Тишина. Потом гудки. Похоже, Танака-сан не оценил сарказм. Зато Момо оценила — подарила мне кусок обоев.
Клиника пахла антисептиком и чистотой, свет ламп резал глаза, а тишину нарушал только монотонный стук клавиатуры из регистратуры, да неторопливое шарканье бахил по коридору. Я вертел в руках ключи от квартиры, Момо осталась запертая дома в одиночестве. Интересно, переживёт ли мой аккуратно заправленный диван её месть?
— Проходите! — из-за двери донесся уже знакомый мне голос.
Фурукава сидел за столом, изучая мою историю болезни. Его белый халат был безупречен, а взгляд — пронзительным, но усталым, будто за сегодняшний день он увидел всё, начиная с рваных ран и до дыр в человеческой душе.
— Канэко-сан, — он щёлкнул ручкой, — голова ещё на месте? Или уже сдаёте позиции?
Я почесал голову, стараясь не задеть шов.
— Пока держусь. Если не считать, что вчера перепутал соль с сахаром.
— Здорово, — хирург хмыкнул, снимая стерильные перчатки. — Самочувствие? Головокружение? Тошнота? Желание пересмотреть жизненные решения?
— Последнее — постоянно. А так… будто после десятичасового караоке под «энка» в исполнении пьяных самураев.
— Нормально, — он сделал пометку. — А причины травм помните?
Я замер. В памяти всплывали обрывки: скрип ступенек, темнота. И ещё — запах дешёвого одеколона, смешанный с табачным дымом. Чьи-то резкие голоса: «Держи его! Давай быстрее!». Но лица расплывались, как кляксы от кофе на белой скатерти.
— Кажется лестница была, — замялся я, изображая, что усиленно пытаюсь вспомнить. — Наверно я упал, скатился по ней. Вроде бы так.
— Вроде бы? — Фурукава приподнял бровь. — Пробитая голова, переломы ребер, ссадины на спине в форме ботинка, гематомы на предплечьях. Вы либо катились по лестнице с пятого этажа, либо вас использовали как боксёрскую грушу.
— Знаете, как бывает, поскользнулся, упал, очнулся — гипс, — я махнул рукой, будто отмахиваясь от комаров, но внутри всё сжалось.
— Ага.
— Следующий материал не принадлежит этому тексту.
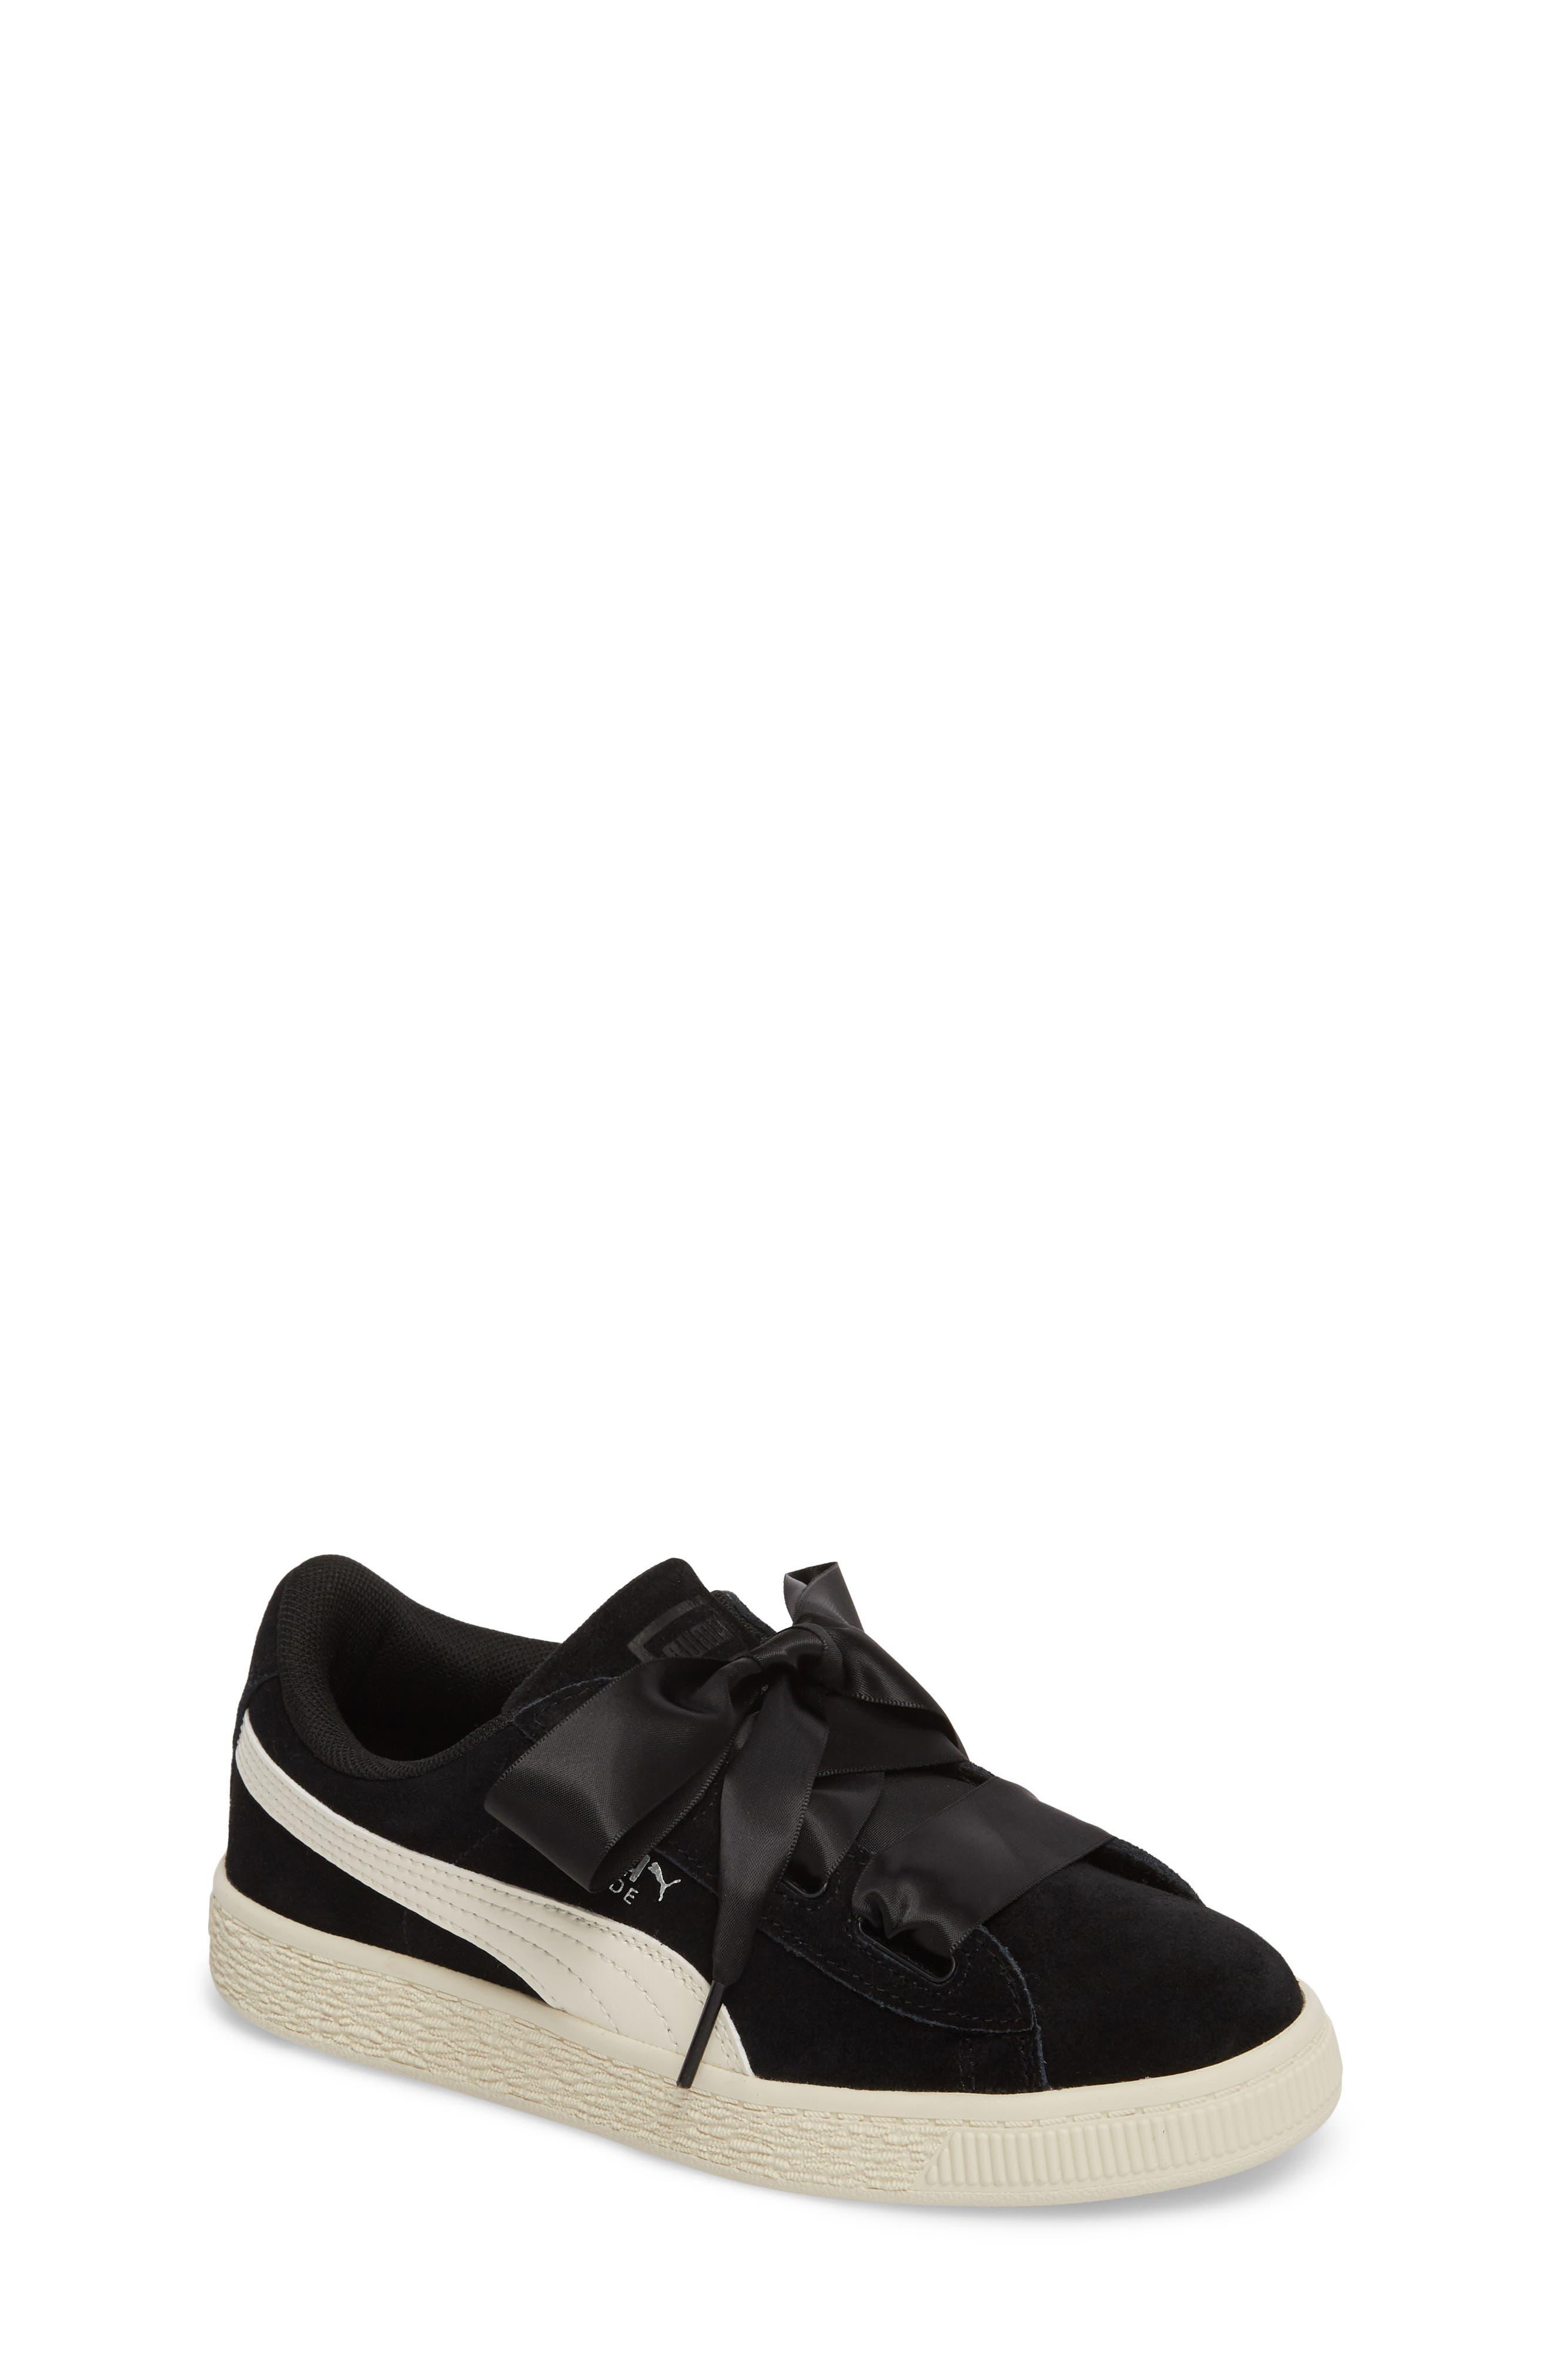 Suede Heart Sneaker,                             Main thumbnail 1, color,                             Puma Black/ Whisper White

Типичный сюжет для учебника по травматологии про взаимосвязь травм с Земной гравитацией. — Он откинулся на стуле, сложив руки на груди. — Шов заживает. Но мозг не резиновый. Если продолжите летать с этажа на этаж, в следующий раз соберу вас, как конструктор без инструкции.
— А на что это похоже? — спросил я и ткнул пальцем в свой лоб. — Характер травм, я имею в виду.
Фурукава на секунду задумался, вертя в руках неврологический молоточек
— Представьте, что ваш мозг — это мягкий тофу. А череп — ланч-бокс. Теперь встряхните.
— Поэтично, — хмыкнул я, ярко представив себе результат такого эксперимента.
— Это реализм. — Он внезапно наклонился вперёд, и в его глазах мелькнуло что-то вроде интереса. — Вы правда не помните детали?